New!! Ilmenite: Ilmenite group minerals (A2O3) are calculated here to 2 cations and 3 oxygen equivalents for Fe3_ estimation. Here A = Fe2+, Fe3+, Mg, Mn, Cr, V, Ti, Si, and Ca. Si and Ca are primarily included as a monitor for mixed analysis with silicate phases. Endmembers are calculated for hematite (Fe2O3), ilmenite (FeTiO3), pyrophanite (MnTiO3), and geikilite (MgTiO3). The hematite component is calculated by XHem = Fe3+ / (Fe3+ / Ti) and the total ilmenite + pyrophanite + geikilite component is calculated by 1 - XHem. The remaining endmembers are calculated from the Fe2+/(Fe2+ + Mn + Mg) for ilmenite, Mn/(Fe2+ + Mn + Mg) for pyrophanite, and Mg/(Fe2+ + Mn + Mg) for geikilite. Currently no plotting option is available.
Sulfides: A generic procedure is available for sulfide minerals.
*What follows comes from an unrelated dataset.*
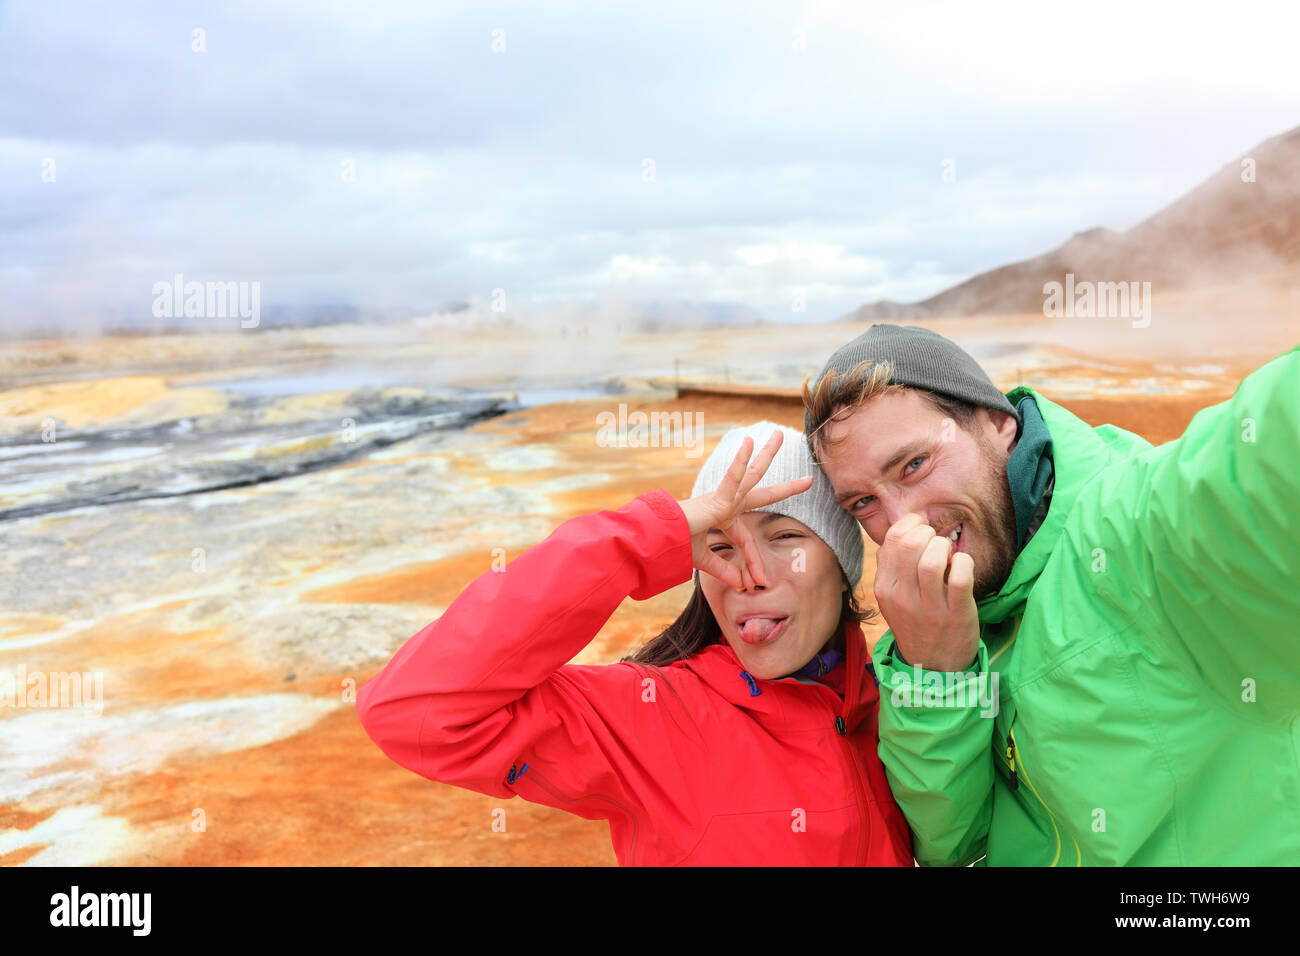 Island lustige Touristen paar Spaß unter selfie Foto mit im Landmark Ziel: namafjall Hverarondor mudpot hverir auch als Schlammbad hot spring oder fumarole. Geruch von Schwefel auf Vulkan Stockfoto

The datafile requires the mass fractions (in wt. %) for S, Co, Cu, As, Fe, Ni, Pb, and Zn. All elements, except for S, are optional, allowing the maximum flexibility for a variety of sulfides. Arsenic may be considered as a cation in its oxidized form or an anion in its reduced form.